I am facing a strange problem when encoding a URL in an HTML Attribute.

I have the following HTML:

<a href=" https://www.google.co.in/#q=Pune&tbm=nws"></a>

This works fine so far.

However this HTML is generated dynamically using XmlTextWriter.

Hence the code generates the following XML

<a href=" https://www.google.co.in/#q=Pune&amp;tbm=nws"></a>

Note the &amp; after Pune When this link is clicked the browser is unable to decode the tbm=nws parameter.

I read several articles which seemed to suggest that the second HTML above is perfectly valid.

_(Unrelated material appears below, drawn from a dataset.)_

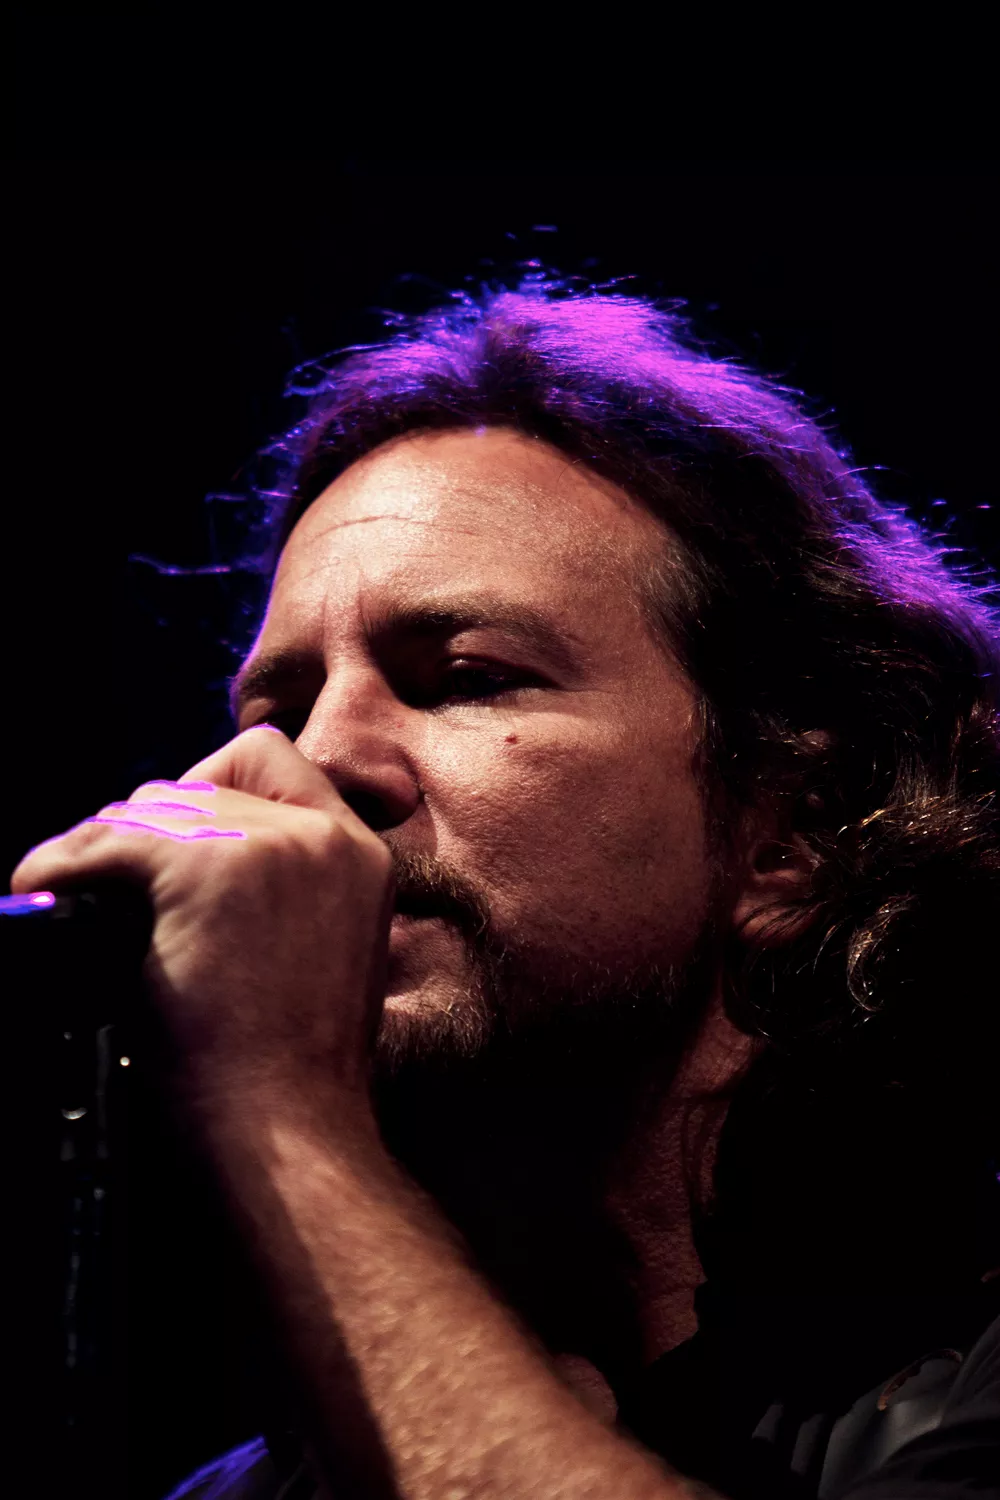 Pearl Jams "Jeremy" inspireret af selvmordstragedie – nu taler de efterladte ud
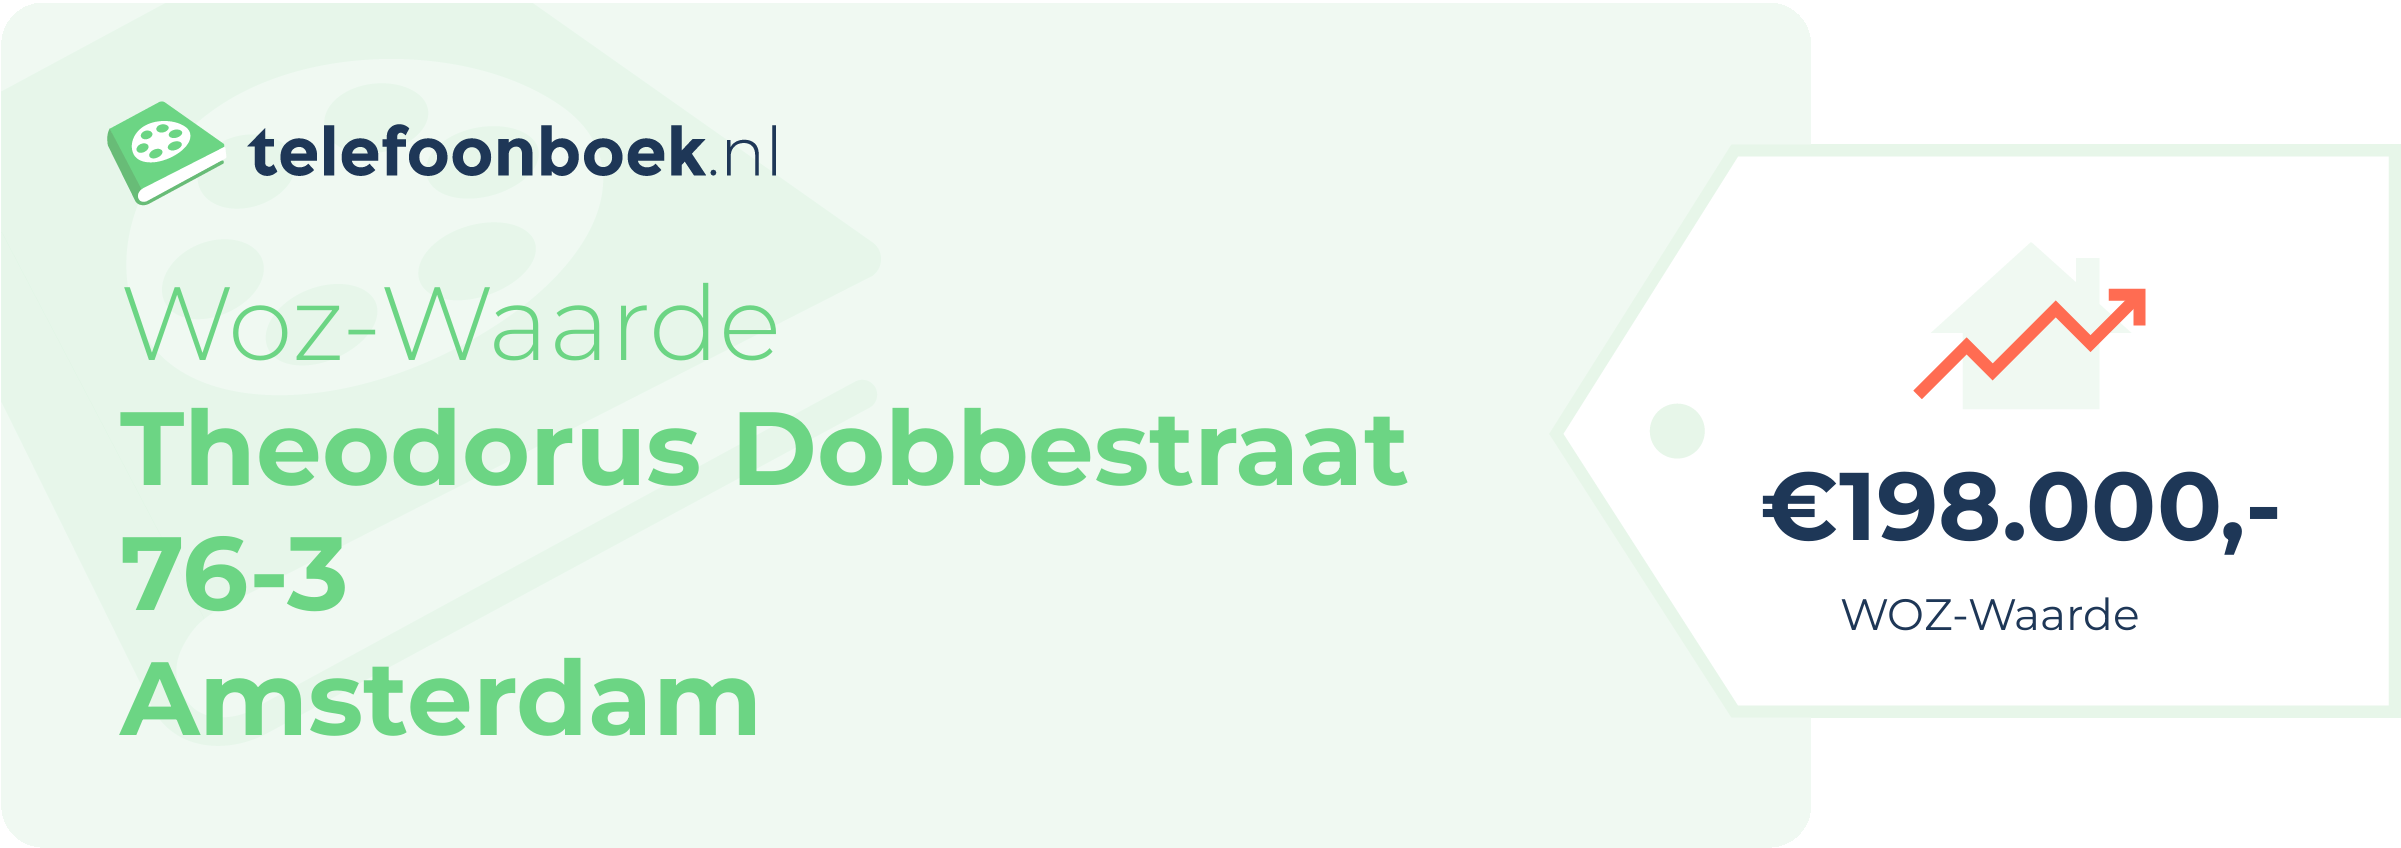 WOZ-waarde Theodorus Dobbestraat 76-3 Amsterdam

Can you guide me on where could this be going wrong?

EDIT: Adding C# code

 XmlTextWriter writer = new XmlTextWriter (Console.Out);
 writer.Formatting = Formatting.Indented;

 // Write the root element.
 writer.WriteStartElement("Items");

 // Write a string using WriteRaw. Note that the special
 // characters are not escaped.
 writer.WriteStartElement("Item");
 writer.WriteAttributeString("href","https://www.google.co.in/#q=Pune&tbm=nws");
 writer.WriteString("Write unescaped text:  ");
 writer.WriteRaw("this & that");
 writer.WriteEndElement();

 // Write the same string using WriteString. Note that the 
 // special characters are escaped.
 writer.WriteStartElement("Item");
 writer.WriteString("Write the same string using WriteString:  ");
 writer.WriteString("this & that");
 writer.WriteEndElement();

 // Write the close tag for the root element.
 writer.WriteEndElement();

 // Write the XML to file and close the writer.
 writer.Close();  
Viking22
  • 545
  • 1
  • 7
  • 19
  • Note that your HTML is not rendered correctly using Markdown. Format your HTML as code blocks. – Patrick Hofman Mar 11 '16 at 12:13
  • Sorry doing this over a mobile browser. Will format it as soon as I get access to a pc – Viking22 Mar 11 '16 at 12:14
  • No need to. I already did, but you rolled back my edit. – Patrick Hofman Mar 11 '16 at 12:14
  • What do you mean by _"the browser is unable to decode the tbm=nws parameter."_? As you mention, the second form is the technically correct form of using an ampersand in an attribute. – James Thorpe Mar 11 '16 at 12:20
  • It means that browser does not recognize tbm as a valid querystring parameter. Instead it considers amp;tbm as the parameter name and sets its value as nws. Even Fiddler WebForms inspector shows querystring parameter name as amp;tbm. – Viking22 Mar 11 '16 at 12:38
  • Are you sure it's not mistakenly double encoding it? Since you've tagged this c#, can you show the code that's generating the link? – James Thorpe Mar 11 '16 at 12:47
  • I will do it shortly. I don't have access to it as of now. – Viking22 Mar 11 '16 at 12:55
  • Hi James, added the C# Code. Basically we are using XmlTextWriter.WriteAttributeString(string, string). I guess it naturally encodes the & to & But, not sure why the browser is not able to parse it – Viking22 Mar 11 '16 at 18:43

1 Answers1

1

I think you are attacking the wrong problem here. Ampersands can (and should) be escaped in HREF tags. See this question for more details: Do I encode ampersands in <a href...>?

The Query string should really be prefixed with ?. This can be ambiguous when using client side frameworks that use #, but the rules still apply.

Try formatting your anchor like this:

<a href="https://www.google.co.in/#/?q=Pune&amp;tbm=nws"></a>
Community
  • 1
  • 1
Kevin Burdett
  • 2,892
  • 1
  • 12
  • 19